Соседи поначалу наблюдали за юной парочкой настороженно, но потом привыкли, и мальчик с девочкой проводили вместе целые дни напролет, ездили купаться на карьер, ходили в лес за черникой и сыроежками, а по вечерам смотрели комедии шестидесятых годов в железнодорожном вагоне-клубе. После фильма Колюня провожал свою подружку до дому и засиживался на террасе под огромным, с бахромой абажуром, вокруг которого летали ночные бабочки. Присматривающая за Аней бабушка была глуховатой чудесной старушкой, она ложилась спать в половине одиннадцатого, прослушав по включенному на полную мощность радио последние известия, перекрестив детей и прочтя одну из молитв на сон грядущий. Уходя, Ксения Федоровна всякий раз внимательно смотрела на Колюню, качала головой, но говорить ничего не говорила.
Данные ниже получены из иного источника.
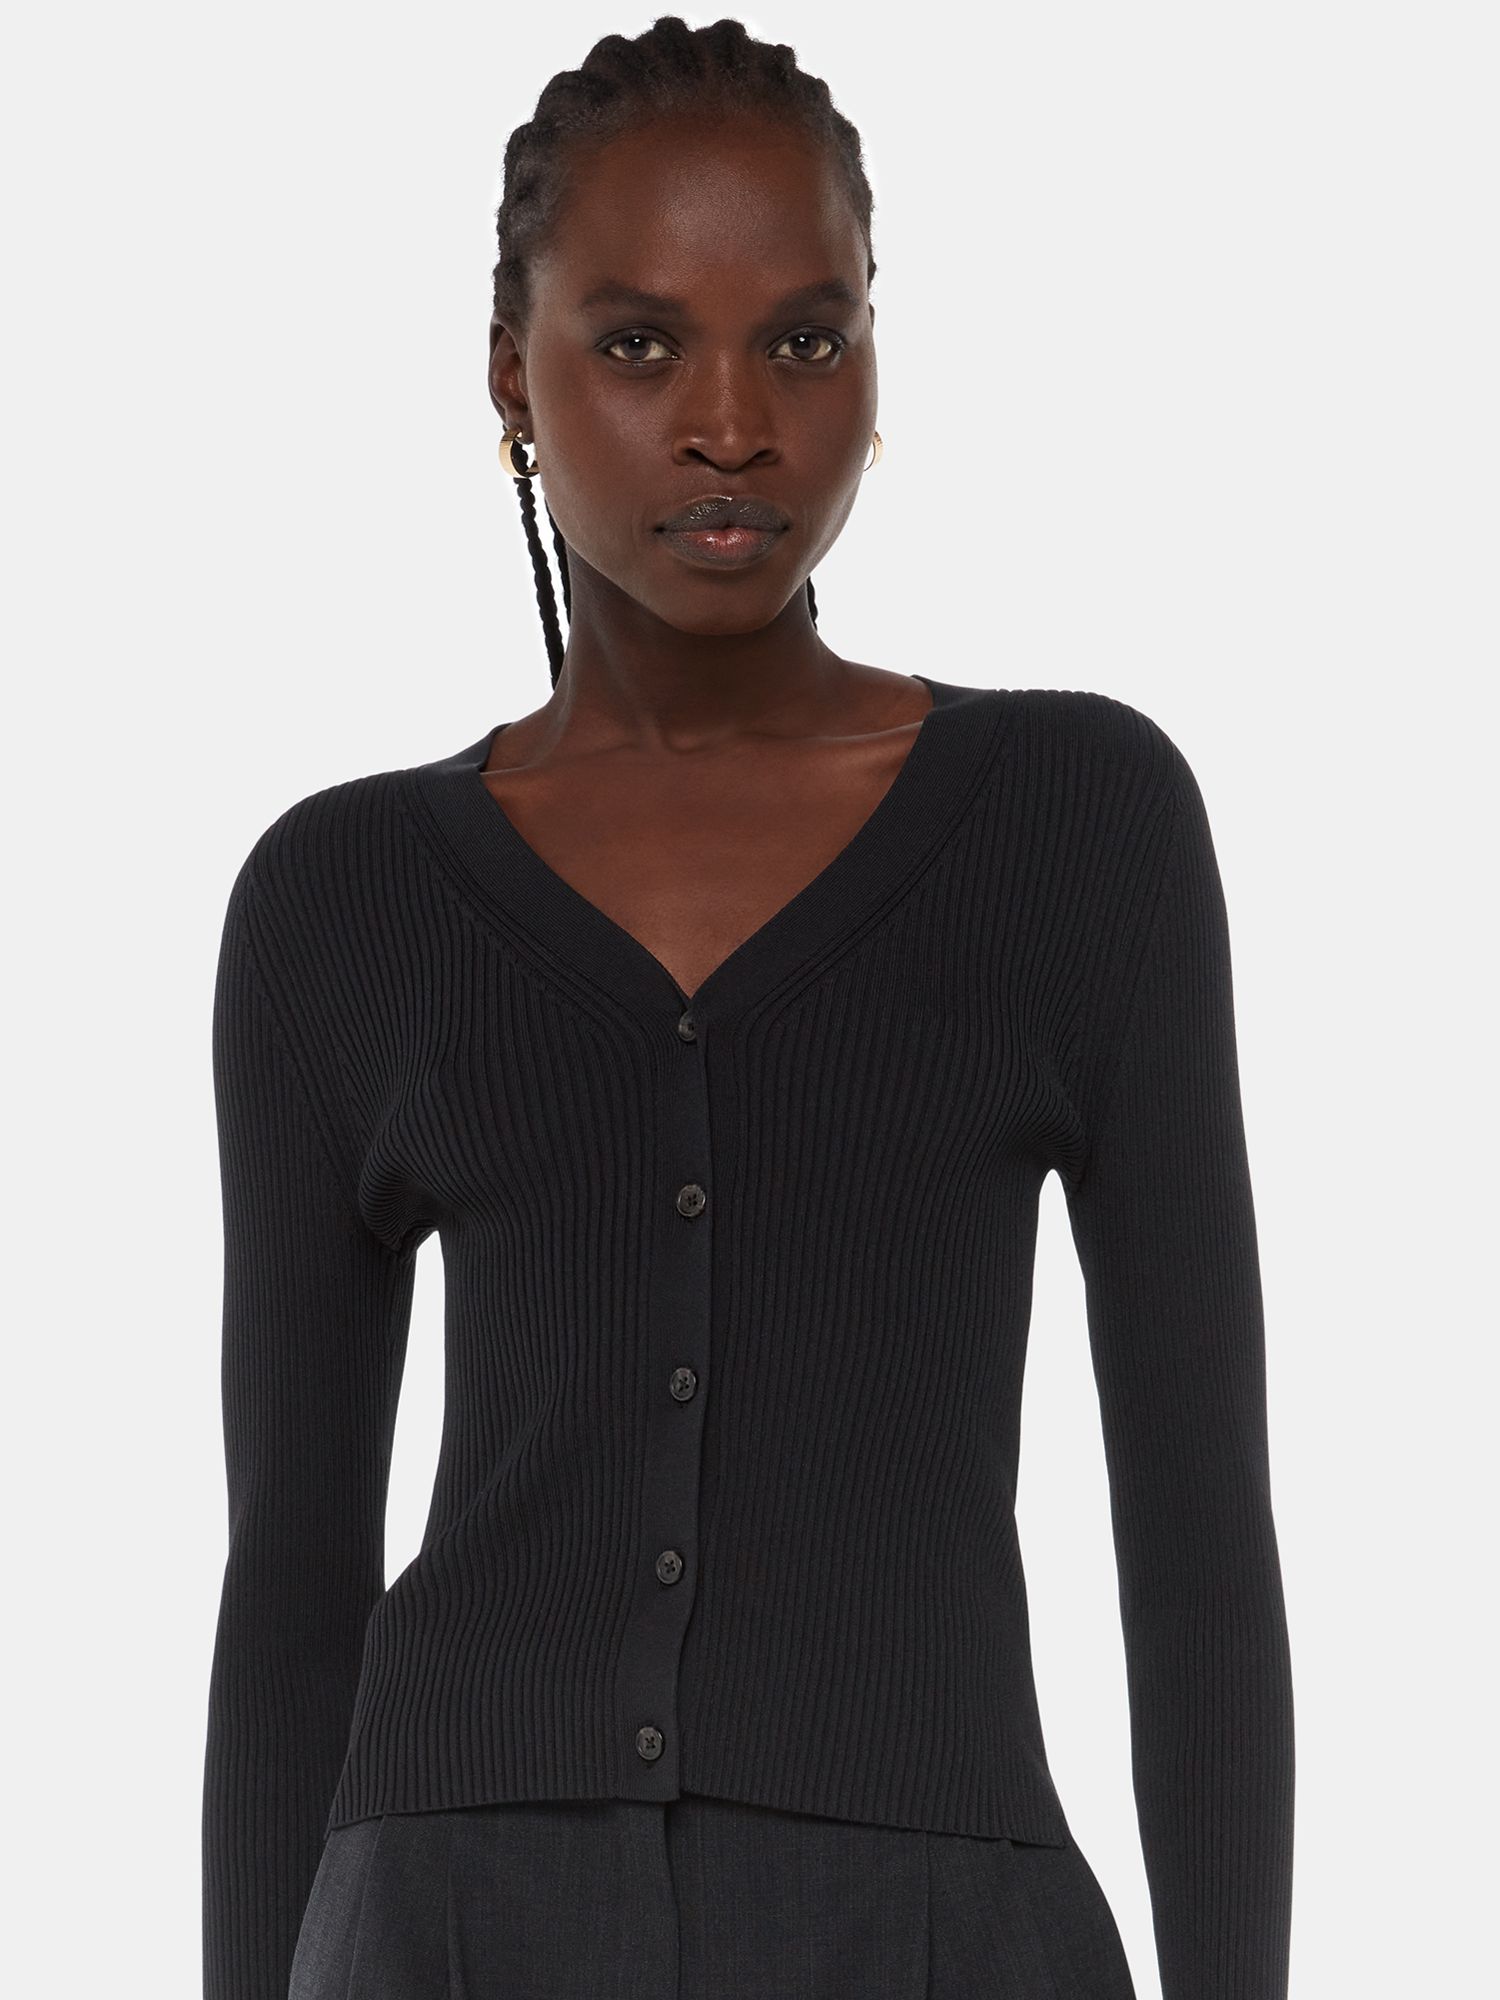 Women's Cropped Cardigan Long Sleeve V Neck Hook and Eye Knit Tops

Она спала крепко, а двое сидели на террасе и пили чай с лимонником или мятой. На подоконниках и под столом было полным-полно ящиков с яблоками, огурцами и помидорами, малина, вишня, банки с вареньем и маринадами. Придавая лицу таинственное и задумчивое выражение, они курили с важным видом первые сигареты, выпуская дым через вытянутые трубочкой губы и поминутно стряхивая пепел, говорили обо всем на свете, делились тайнами, отчего Анечкины глаза становились большими и круглыми, а голос сгущался до шепота, но потом взрывался горловым смехом.
Колюня был влюблен в этот заливистый смех, теплые ночи, в Анину бабушку, в террасу, в бесшумных бабочек, в сигаретный дым, в Аню — ему было так хорошо, что он и сам этого не понимал и забывал Сережкины бесстыжие рассказы про монгольских женщин и тайменей. Все это не имело никакого отношения ни к Ане, ни к даче, было хорошо и так, о большем и лучшем он и не загадывал.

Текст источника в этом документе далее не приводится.